Тогда начинается новое искание: — Первая студия Художественного театра. Это работа: — вживание в пьесу. Студия годами подготовляет представление. Каждое слово проходит через огромную психологическую лабораторию. Процесс превращения вымысла в Правду совершается во время репетиций: — актеры сживаются с ролями, роли растворяются в личностях актеров, и когда пьеса выносится на сцену, то актеры играют уже не вымысел, а что-то происходящее на самом деле, но лишь в ином, идеальном мире.

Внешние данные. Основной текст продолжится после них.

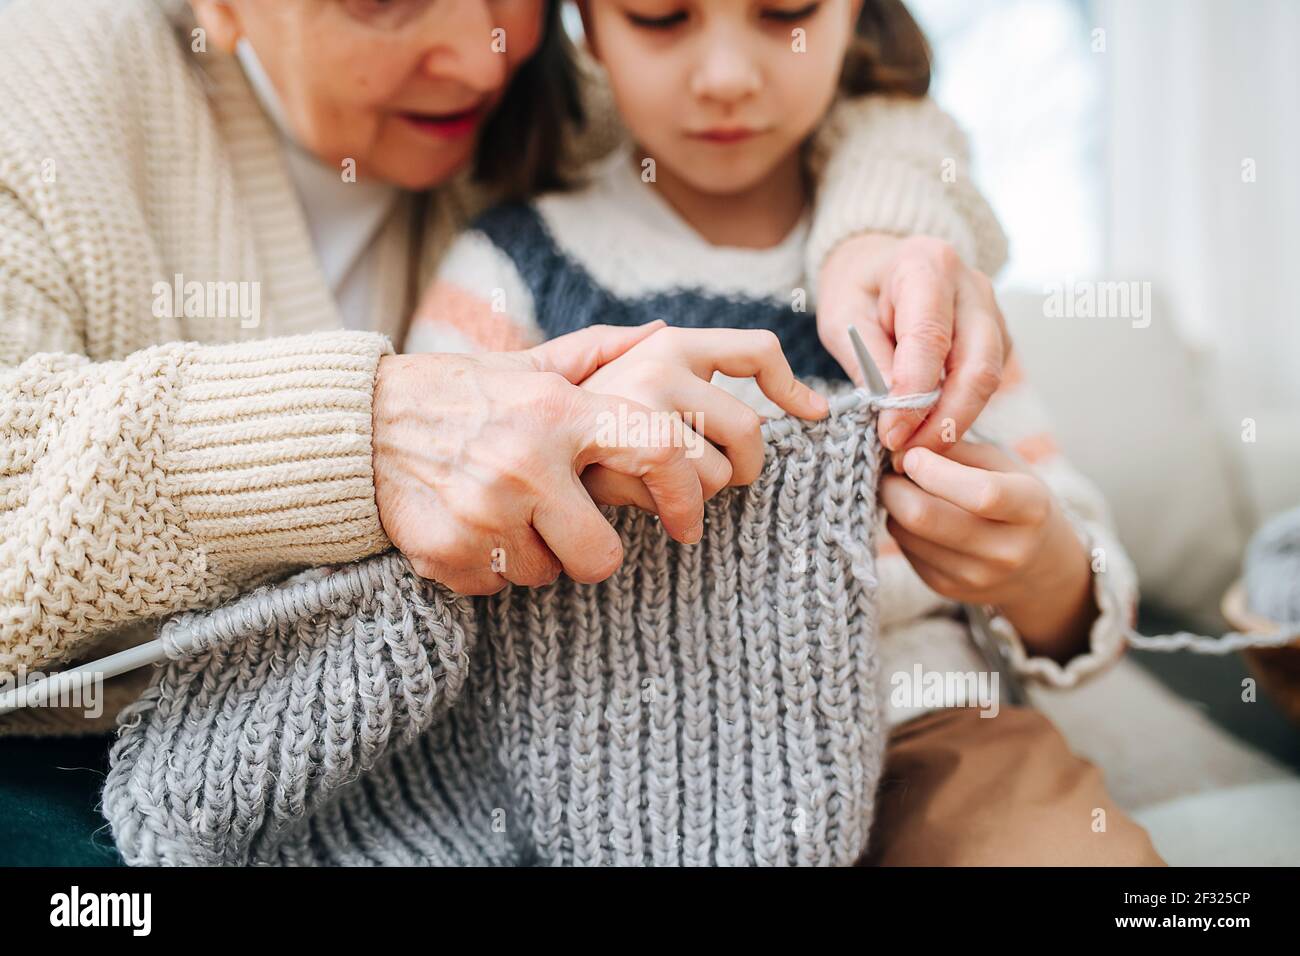 Une grande granny enthousiaste assise sur un canapé avec sa petite-fille, elle lui apprend à tricoter, en tenant les mains au-dessus de ses arrières. Gros plan, concentrez-vous sur vos mains. Faces Banque D'Images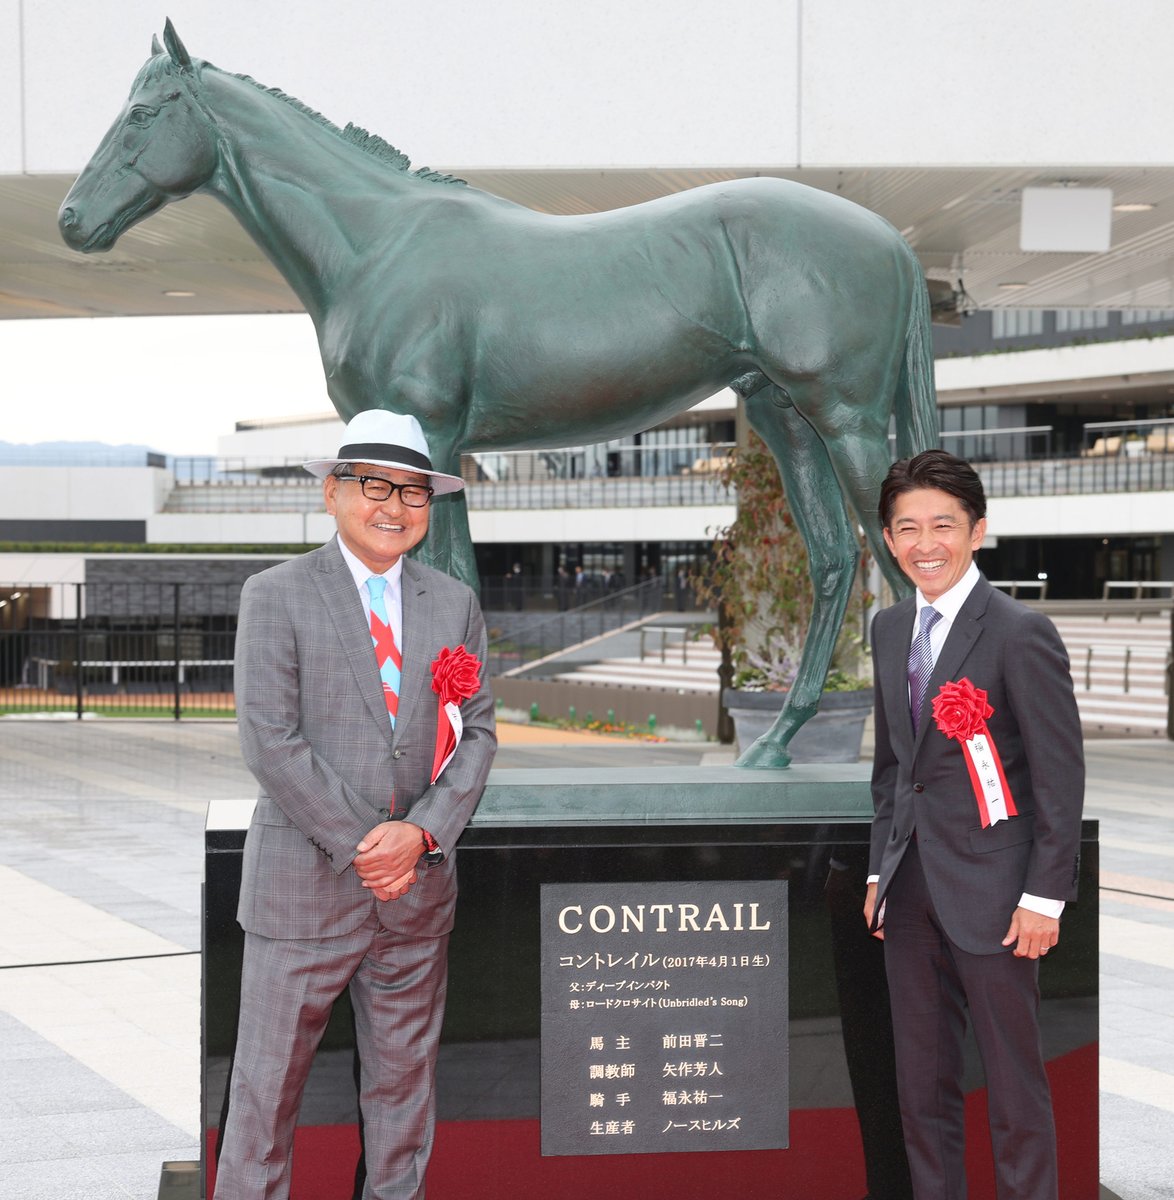 スポニチ競馬Web🐴 on Twitter: "きょう、京都競馬場に寄贈されたコントレイル像の除幕式が行われました。 コントレイル像を背に記念

Поэтому Иван Иванович, сидя на таком спектакле, чувствует величайшую серьезность происходящего, и вымысел для него лишь в том, что это все-таки, — театр и он — в одиннадцатом ряду.

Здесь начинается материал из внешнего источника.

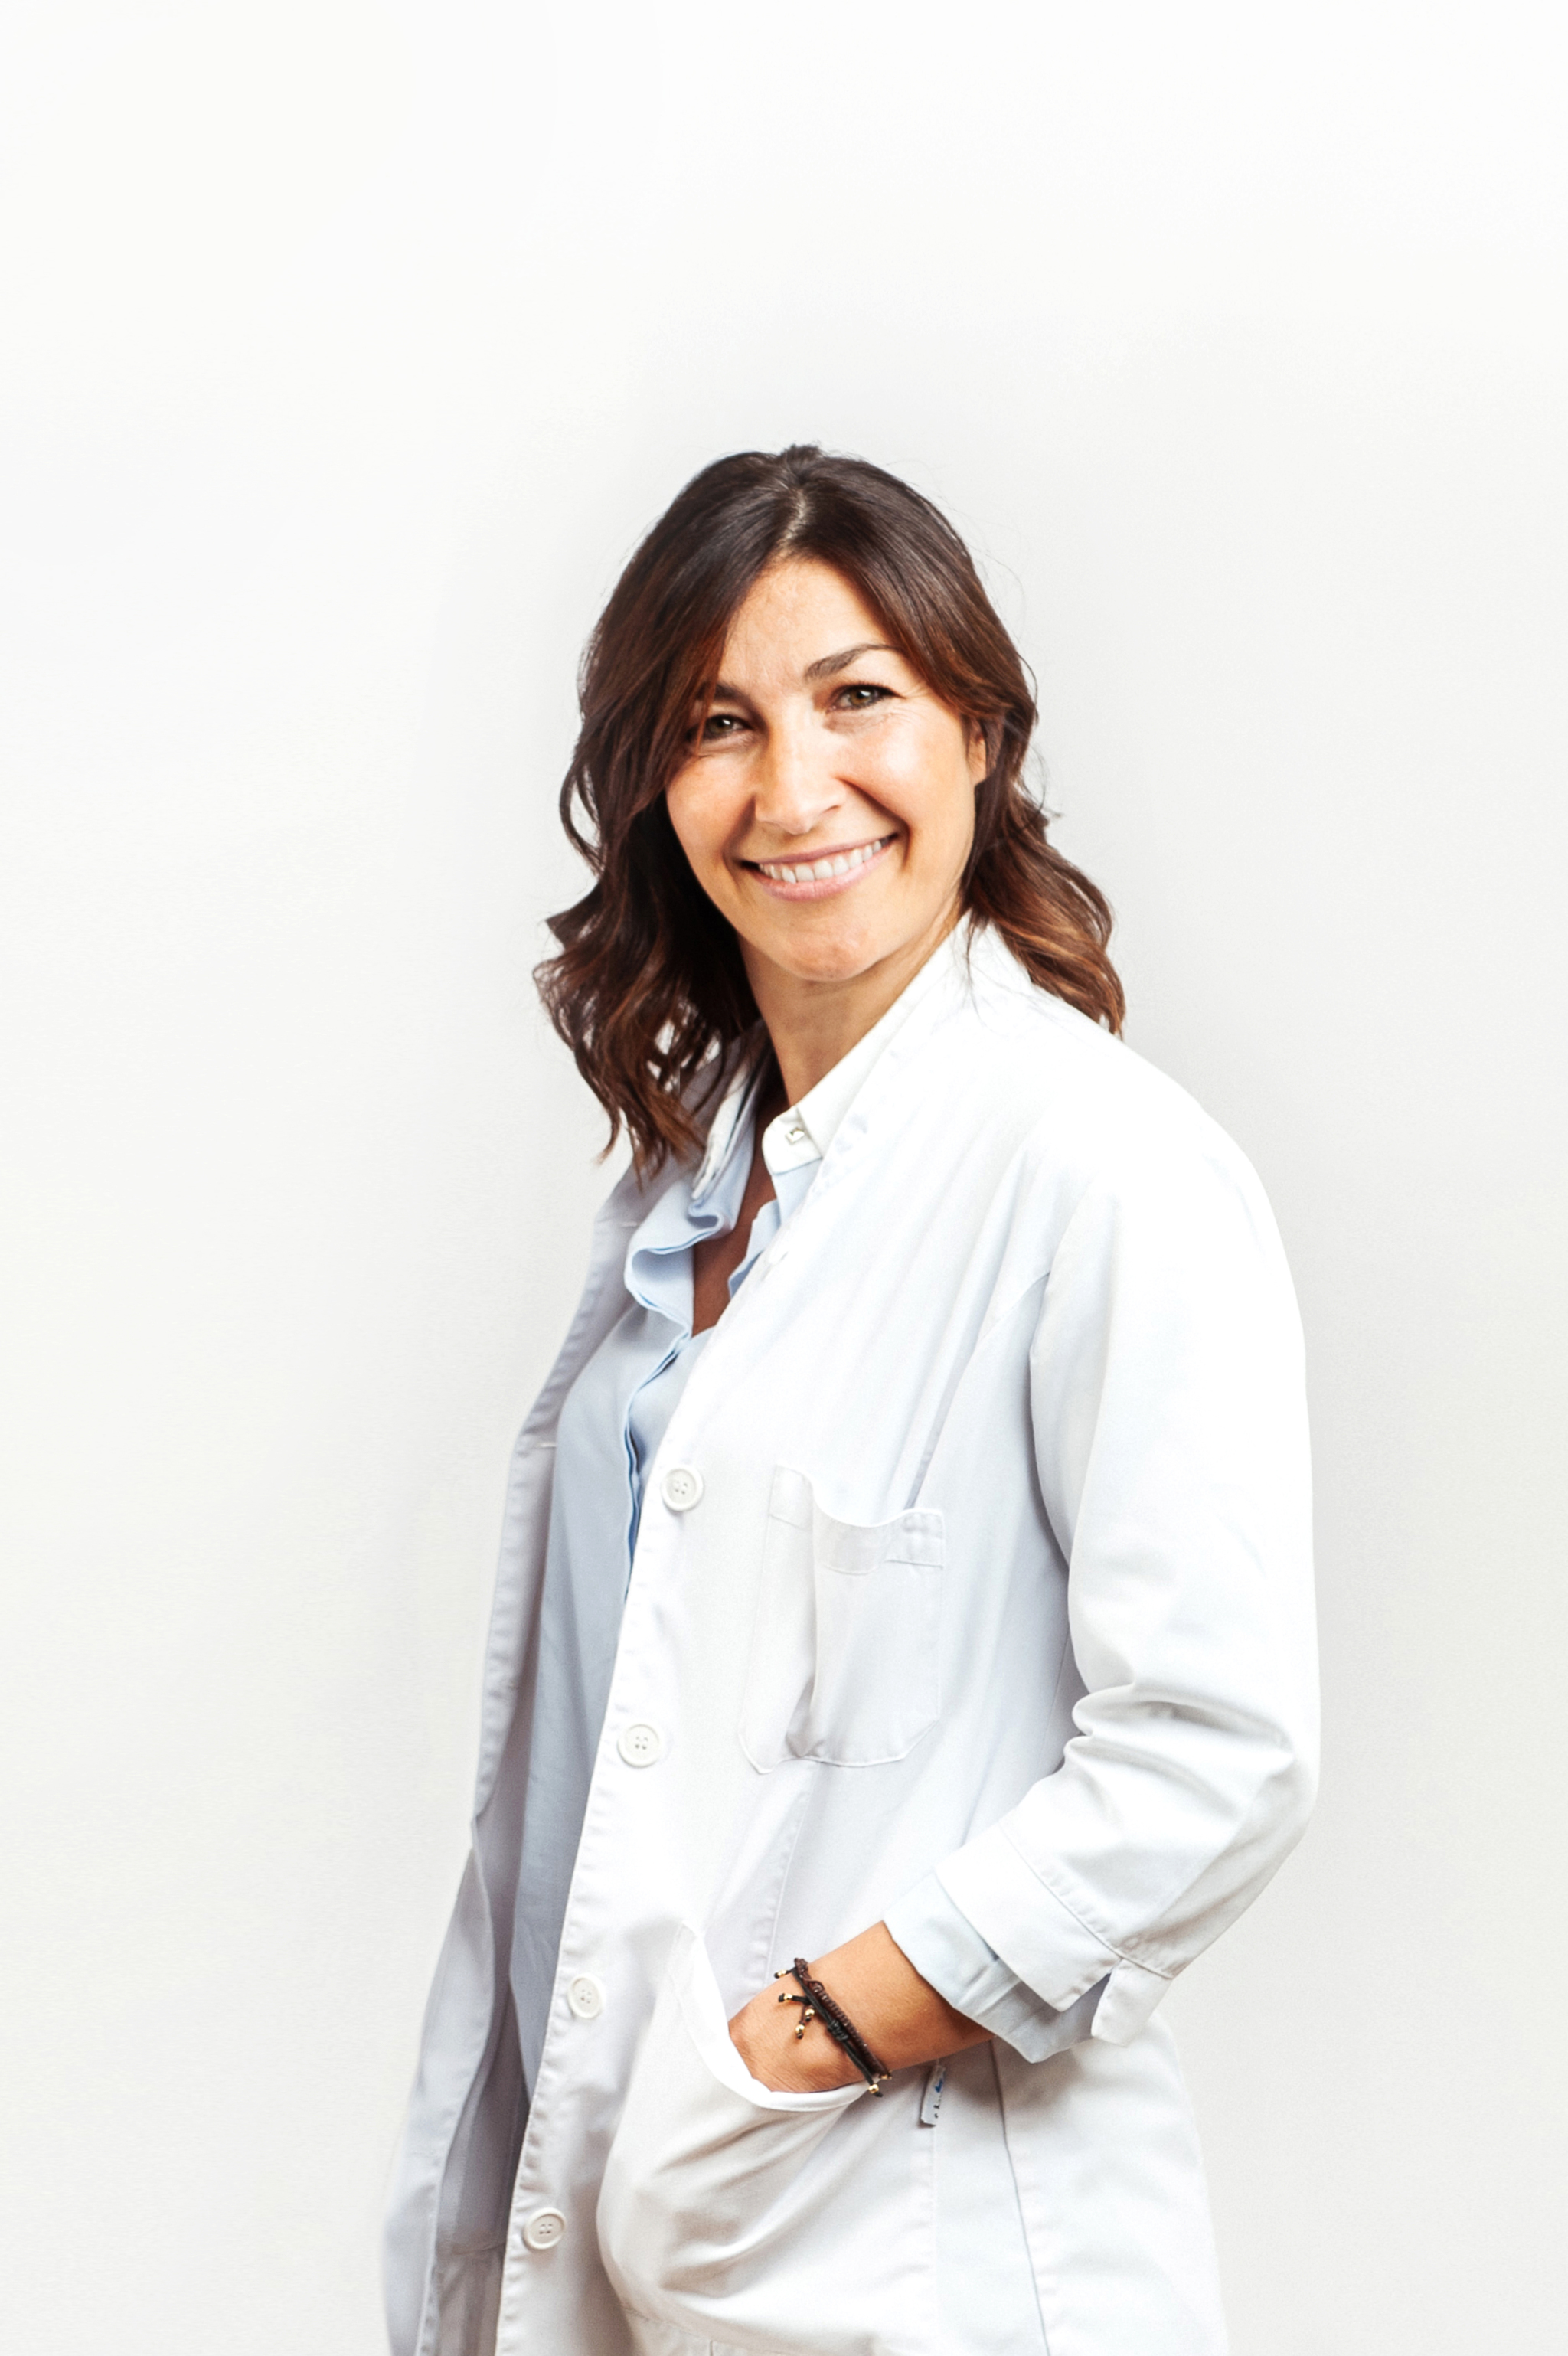 La Dra. Nuria Roure, psicóloga especialista en trastornos del sueño y autora del libro "¡Por fin duermo!" (Editorial Vergara).

Но почему именно Россия хранит священный огонь театра? Почему в России театр достиг до таких высот?
Потому, очевидно, что в самом народе есть чувство театра, любовь к театральности. Русский мужик по своей природе — актер. Он разговаривает с каждым его языком, он лукав, нервен, душевно гибок и чрезвычайно любит всякое притворство и вымысел. У него издавна большая охота к зрелищам: — обрядам, ряженью, хороводам, медвежьим поводырям, скоморохам и к разбойникам.
Театр, принесенный с Запада, привился у нас мгновенно, потому что пришелся по вкусу. И вот самое главное: в русском народе всегда преобладало чувство слова над чувством жеста. Это впоследствии и определило путь русского театра, — в глубь психологического переживания.
Миша Бальзаминов сказал: «Я, маменька, в мечтах — высокий блондин в голубом плаще на бархатной подкладке».
А Миша на самом деле настолько не вышел ростом и красотой, что когда шатался мимо заборов, подглядывая за девицами в замоскворецких садах, то цепные собачищи не раз гонялись за ним и таскали Мишу за полы поношенного сюртучишки.
Но в мечтах Миша все-таки понимал себя как высокого блондина в голубом плаще, потому что Миша был великий мечтатель. И без Миши не было бы ни вымысла, ни обольщения, ни театра.
Мишин голубой плащ — первородное знамя театра. Идите, идите к нам, высокие блондины, мы вам в калиновом саду сосватаем такую румяную и веселую девку, ей-богу останетесь довольны. Иван Иванович, бросьте с квартирной хозяйкой ругаться, займите у нее три рубля, мы вас в испанского гранда в три минуты переделаем. Желаете соперника вашего кинжалом запороть, — сколько угодно, и даже много ужаснее выйдет, чем на самом деле. Идите, идите, мечтатели, мы покажем вам небо в голубом лоскуте.
Сейчас, в наши дни, этот Миша стал нам много понятнее; люты цепные собачищи, и на улице день самый осенний.
Ах, маменька, маменька, хотел бы я сейчас быть высоким блондином, да, закинув голубой плащ, глянуть в калиновый сад. Милая, веселая, румяная, выдь, поцелуй!